Base class for variable initializers

Defines the common interface of variable initializers. They add operations to the init program that are used to initialize variables. Users should not use this class directly, but need to use one of its implementations.

ConstantInitializer

class paddle.v2.fluid.initializer.ConstantInitializer(value=0.0)

Implements the constant initializer

UniformInitializer

class paddle.v2.fluid.initializer.UniformInitializer(low=-1.0, high=1.0, seed=0)

Implements the random uniform distribution initializer

NormalInitializer

class paddle.v2.fluid.initializer.NormalInitializer(loc=0.0, scale=1.0, seed=0)

Implements the random Normal(Gaussian) distribution initializer

XavierInitializer

class paddle.v2.fluid.initializer.XavierInitializer(uniform=True, fan_in=None, fan_out=None, seed=0)

Implements the Xavier initializer

This class implements the Xavier weight initializer from the paper Understanding the difficulty of training deep feedforward neural networks[1] by Xavier Glorot and Yoshua Bengio.

This initializer is designed to keep the scale of the gradients approximately same in all the layers.

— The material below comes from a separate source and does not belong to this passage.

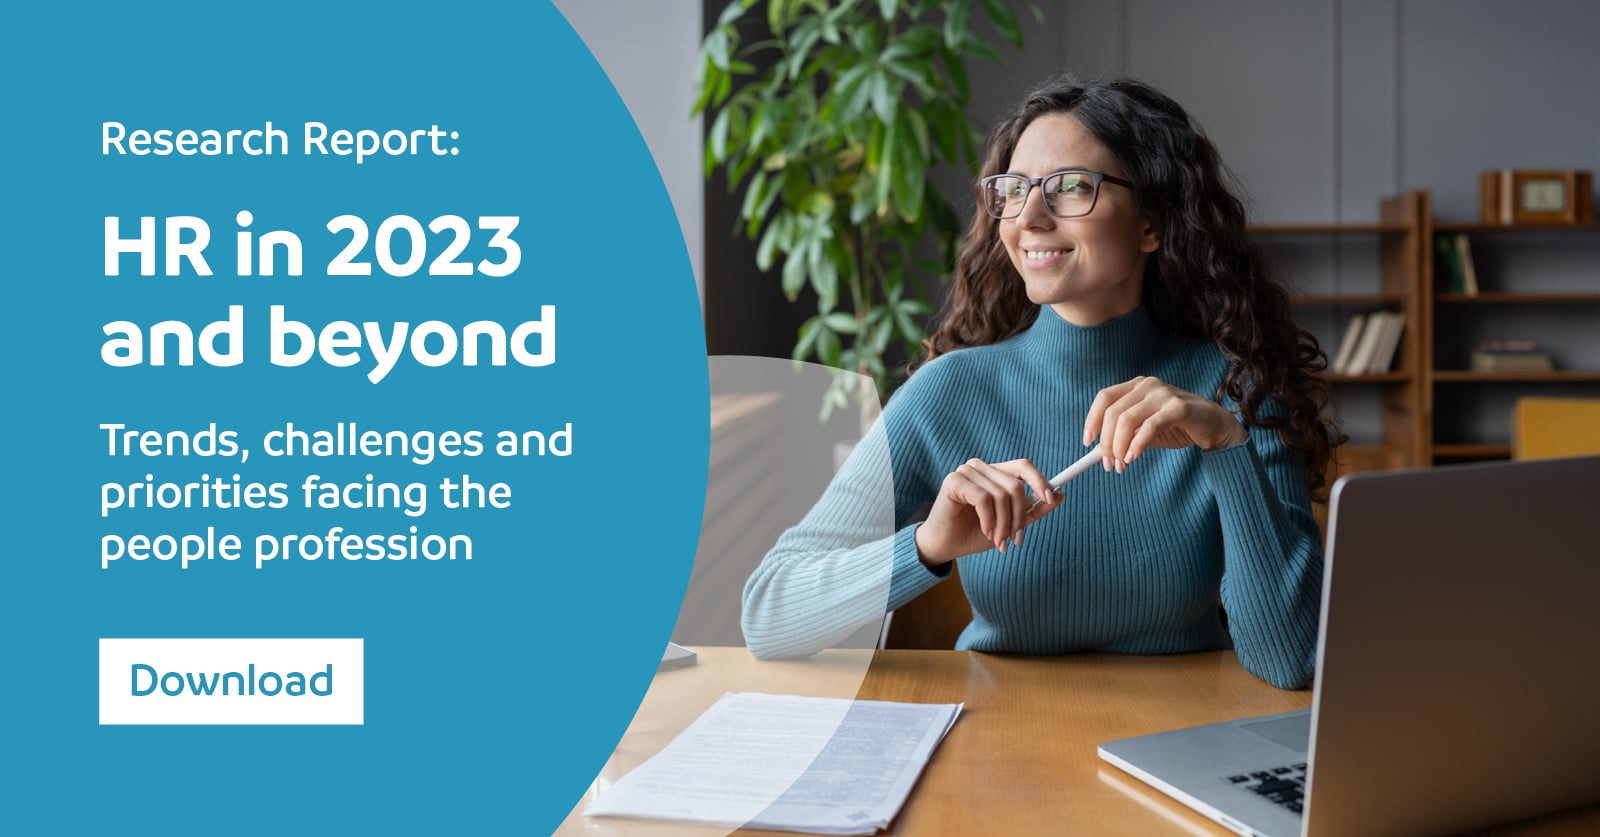 HR in 2023 and beyond report

In case of Uniform distribution, the range is [-x, x], where x = sqrt(6 / (fan_in + fan_out)). In case of Normal distribution, the mean is 0 and the standard deviation is sqrt(2/ (fan_in + fan_out)).

References

[1] Understanding the difficulty of training deep feedforward neural
networks. International conference on artificial intelligence and statistics. (http://proceedings.mlr.press/v9/glorot10a.html)

MSRAInitializer

class paddle.v2.fluid.initializer.MSRAInitializer(uniform=True, fan_in=None, seed=0)

Implements the MSRA initializer a.k.a. Kaiming Initializer

This class implements the weight initialization from the paper Delving Deep into Rectifiers: Surpassing Human-Level Performance on ImageNet Classification[1] by Kaiming He, Xiangyu Zhang, Shaoqing Ren and Jian Sun. This is a robust initialization method that particularly considers the rectifier nonlinearities. In case of Uniform distribution, the range is [-x, x], where x = sqrt(6 / fan_in). In case of Normal distribution, the mean is 0 and the standard deviation is sqrt(2/ fan_in).

References

[1] Delving Deep into Rectifiers: Surpassing Human-Level Performance
on ImageNet Classification (https://arxiv.org/abs/1502.01852)